Ces lacunes structurelles entretiennent une tension sociale permanente.
Combinées à des circonstances politiques (compétitions électorales, révisions circonstancielles de la Constitution, revendications syndicales), elles débouchent fréquemment sur de violentes manifestations urbaines, à l’exemple des « émeutes de la faim » de 2008 et des pillages orchestrés récemment dans plusieurs villes du pays, en lien avec les protestations post-électorales.

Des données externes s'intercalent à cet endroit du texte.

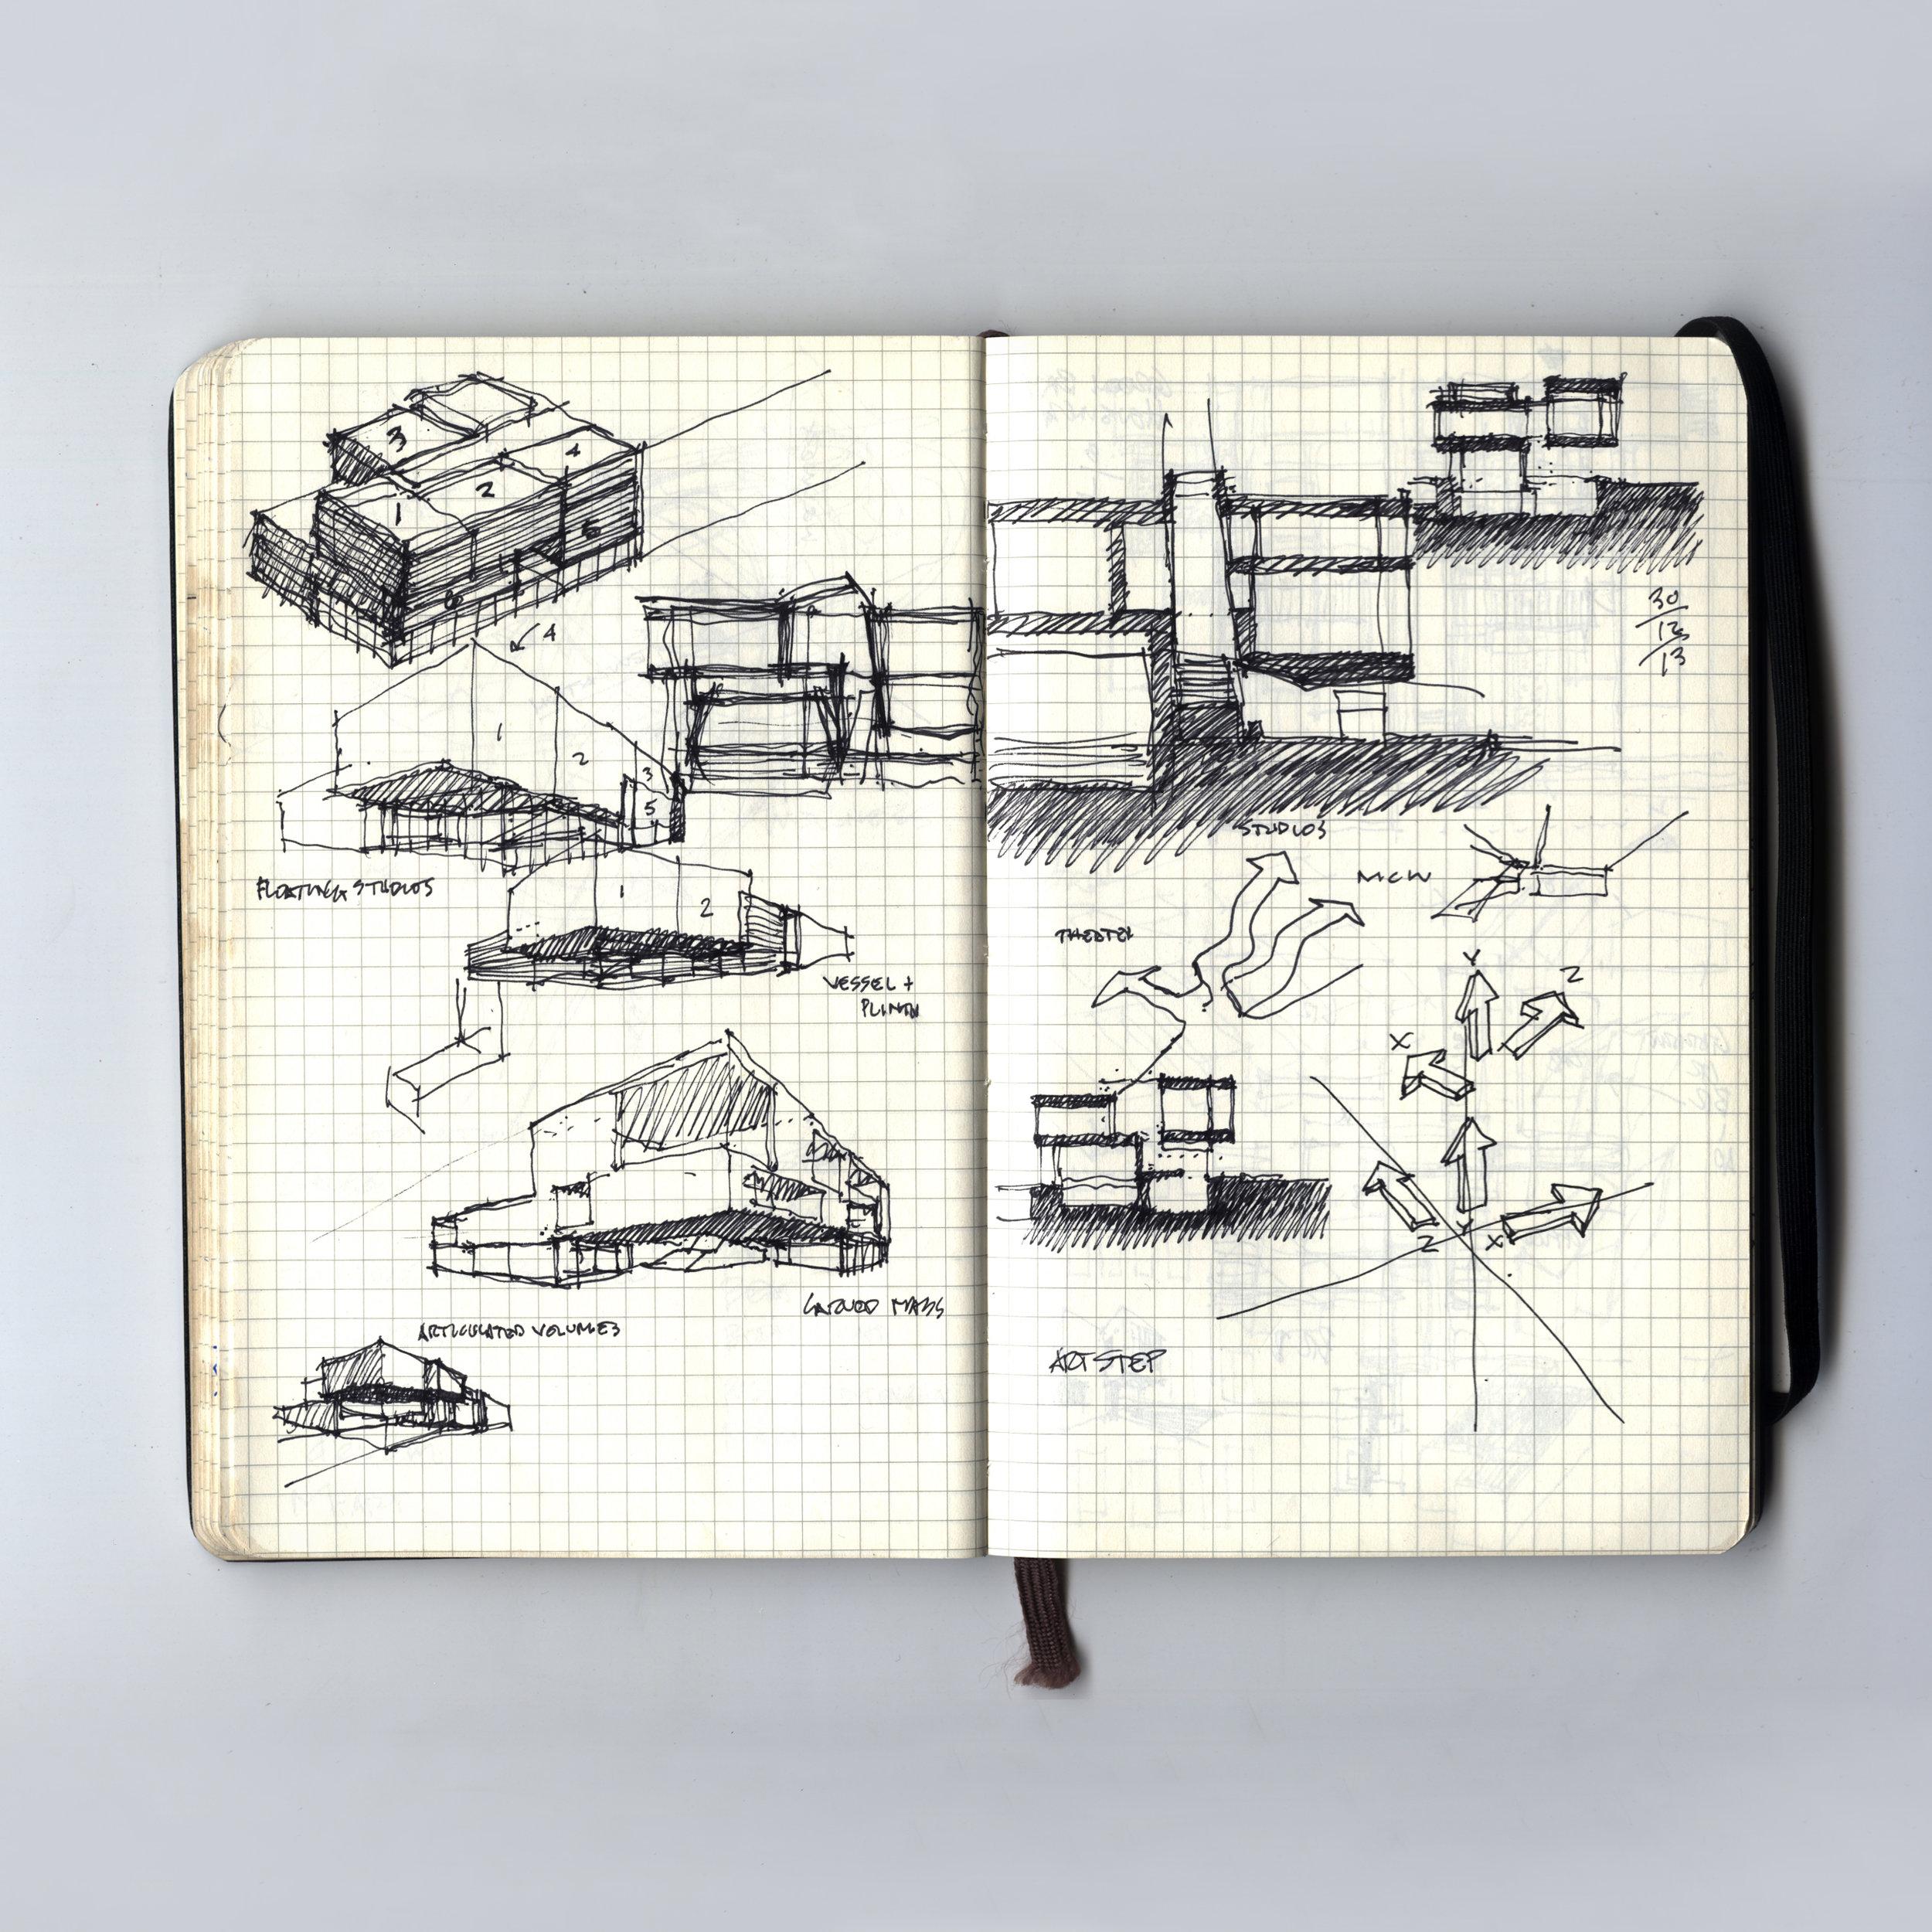 James-sketch4.jpg

Les régions anglophones du Nord-Ouest et du Sud-Ouest, traditionnellement appelées le NOSO, symbolisent, pour emprunter l’expression du philosophe Franklin Nyamsi, la « tragédie kamerunaise ». L’ancien Cameroun britannique possède d’importantes ressources naturelles (pétrole, gaz) et d’inestimables potentialités halieutiques, agricoles et touristiques. Celles-ci en font une zone stratégique de premier plan, lui permettant de contribuer au PIB national à hauteur de 16,3 % jusqu’en 2015.
Mais le déclenchement en 2017 d’une guerre de sécession menée par les nationalistes « ambazoniens » a plongé le NOSO dans une grande insécurité, causant une grave crise humanitaire ainsi que des dommages aux économies des deux régions anglophones et partant du pays.

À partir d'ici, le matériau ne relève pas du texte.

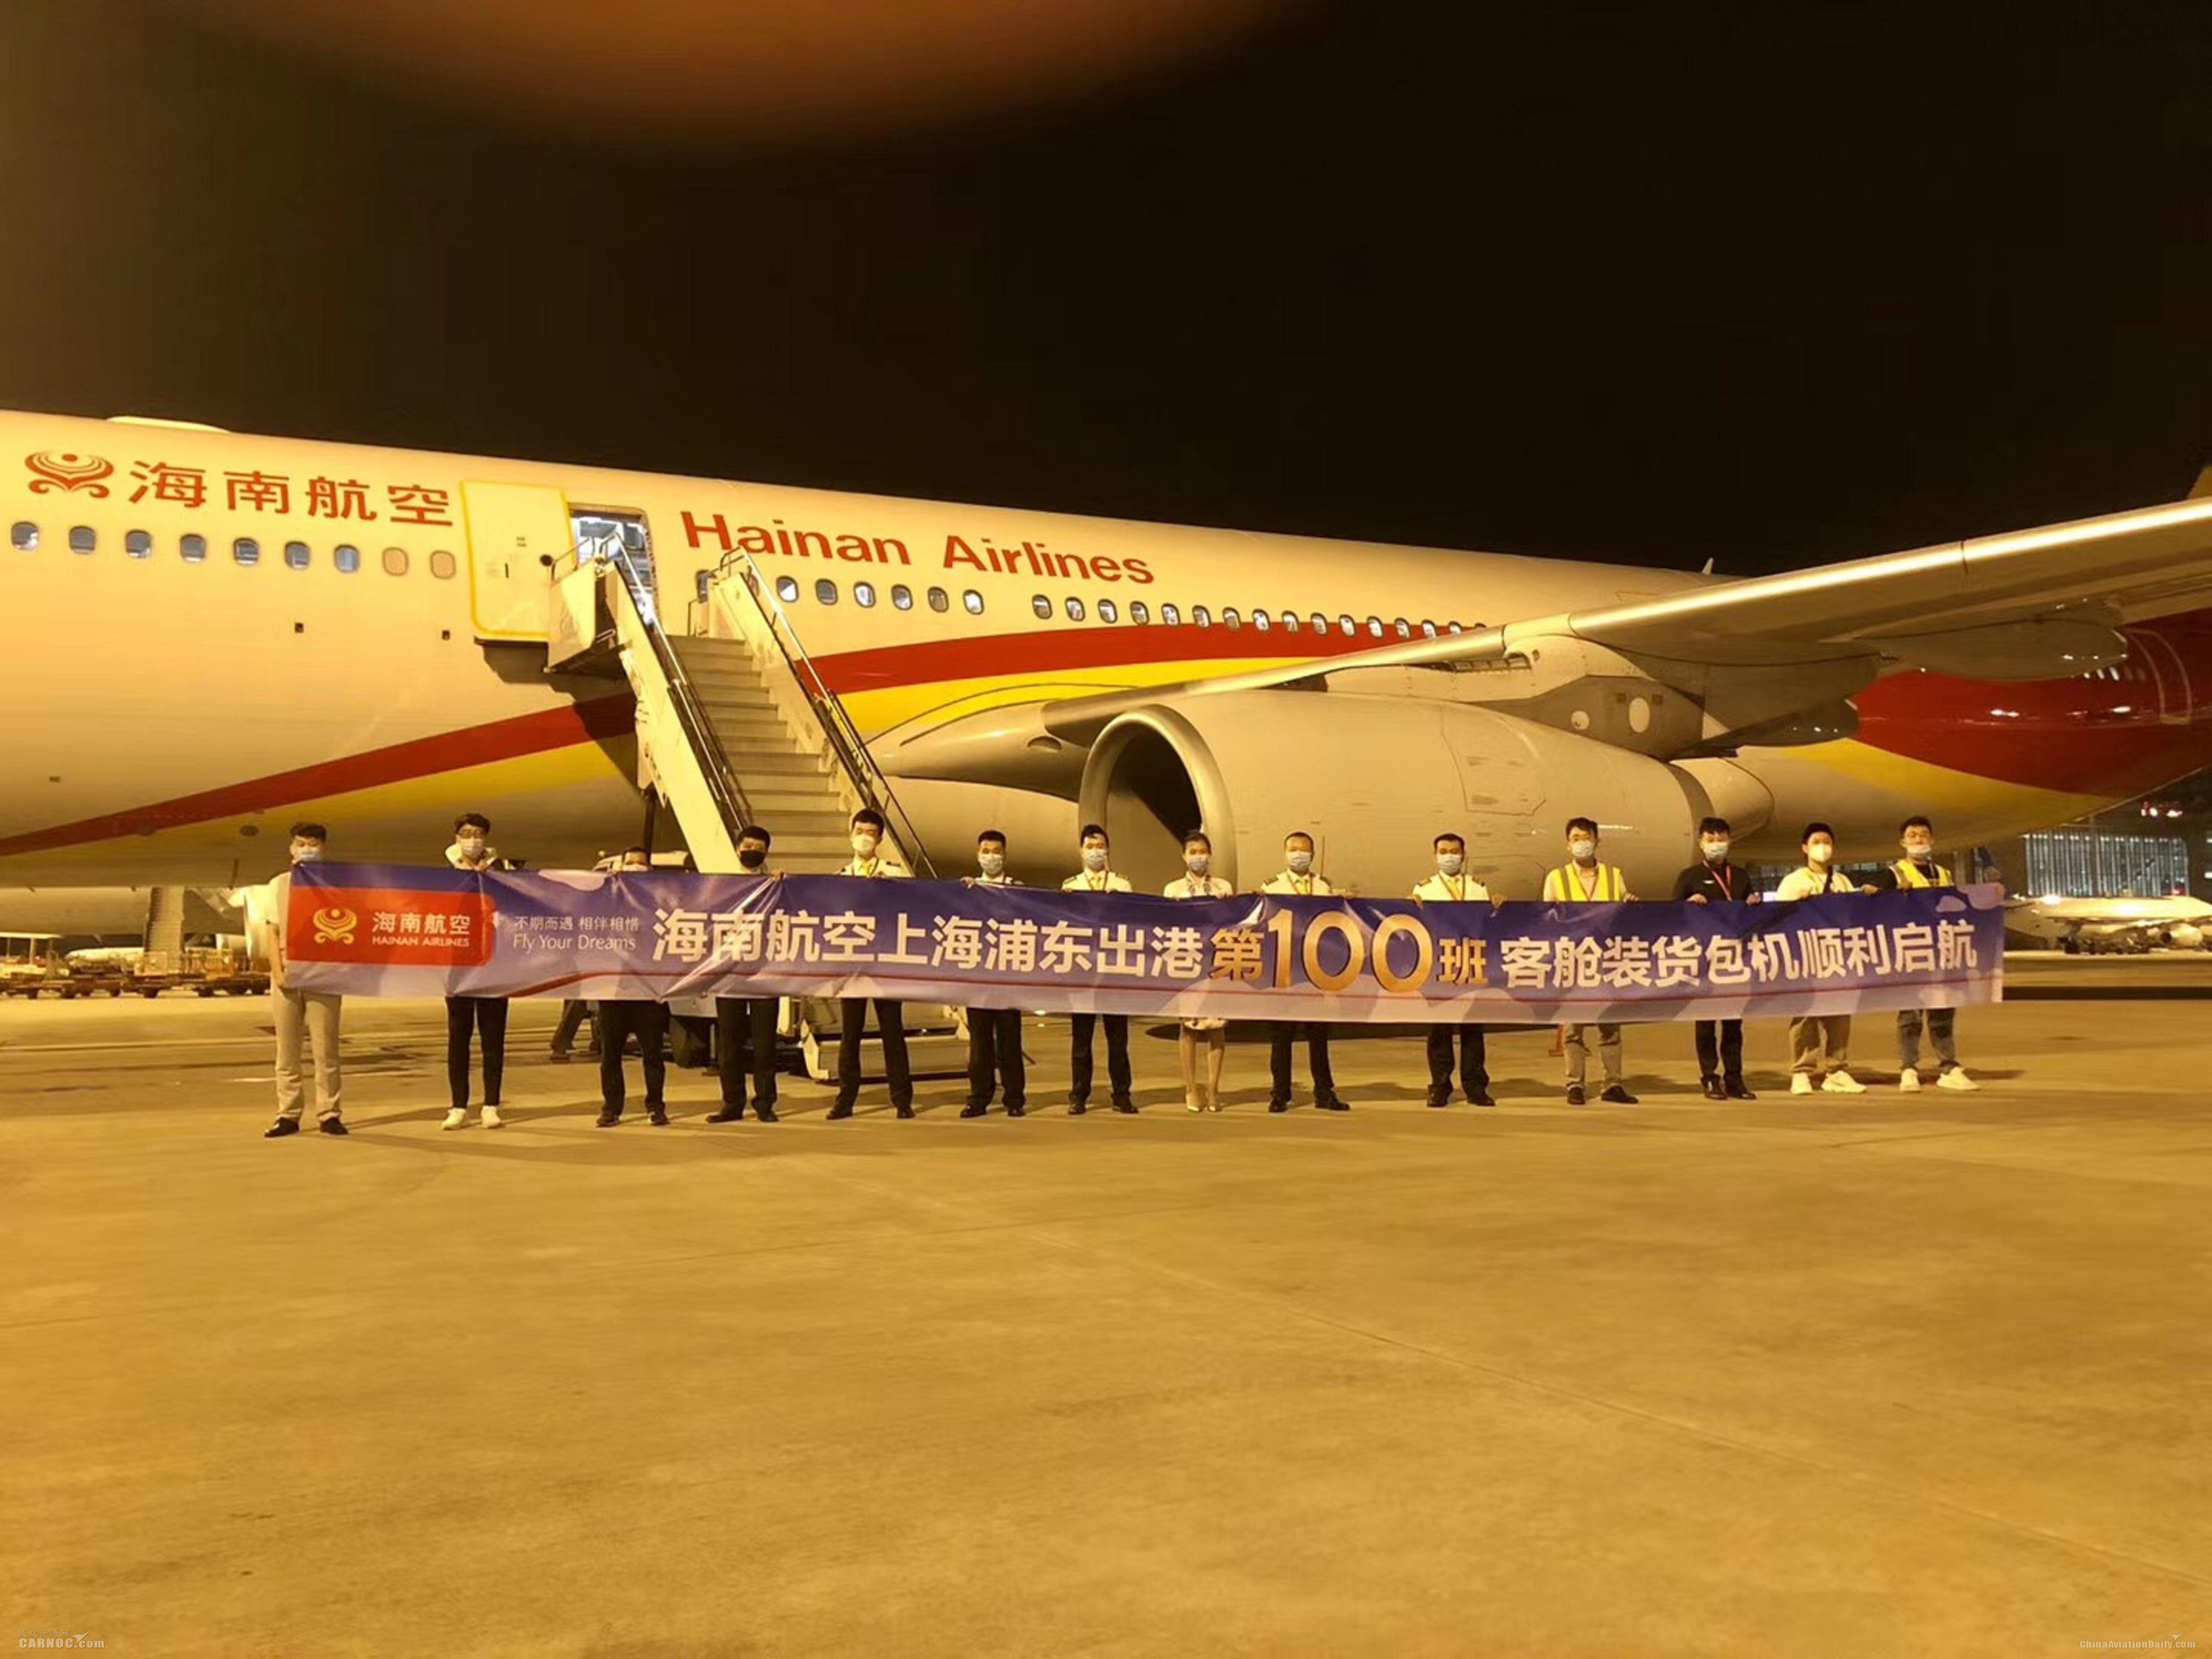 海南航空上海浦东出港第100班客舱装货包机飞抵温哥华

En 2021, un rapport de la Banque mondiale suggérait déjà que le PIB national chuterait de 9 % si le conflit devait durer jusqu’en 2025.
Une histoire coloniale particulière
Le conflit du NOSO est né des vicissitudes de l’histoire coloniale particulière du Cameroun. Il doit son enlisement autant à l’indifférence manifeste de la communauté internationale qu’à l’intransigeance de ses protagonistes locaux qui ne parviennent ni à aplanir leurs divergences politiques ni à s’imposer militairement à l’adversaire.
Alors que Paul Biya entame son huitième mandat, rien ne semble présager du retour à l’accalmie dans cette zone où l’impopularité du président provient de ce qu’il est considéré comme le “seul responsable” de la crise du NOSO.
Une défiance qui tranche avec la bienveillance dont le candidat Issa Tchiroma Bakary a semblé bénéficier de la part de l’électorat anglophone, après qu’il a promis de libérer les leaders “ambazoniens”, d’engager un dialogue pour mettre fin à la guerre et de réinstaurer le fédéralisme aboli par le pouvoir central dominé par les francophones.
Lors de sa prestation de serment organisée le 6 novembre à Yaoundé, en l’absence de dirigeants étrangers, Paul Biya a promis d’œuvrer à l’unité, la stabilité et la prospérité du pays. Son âge « canonique » tend cependant à alimenter l’incertitude. En effet, celui qu’une certaine presse se plaît à caricaturer comme le « président fantôme » ou l’« omniabsent », en raison de la rareté de ses interventions officielles et de sa propension à séjourner longuement à l’étranger, avoisinera les 100 ans au terme de ce nouveau septennat.
Cette perspective suscite forcément des interrogations. Le « sphinx d’Etoudi » — surnom attribué à Paul Biya pour sa résilience au pouvoir, Etoudi étant la colline où se situe le palais présidentiel dans la capitale Yaoundé — pourra-t-il toujours gouverner le pays réel et continuer d’incarner la stabilité ?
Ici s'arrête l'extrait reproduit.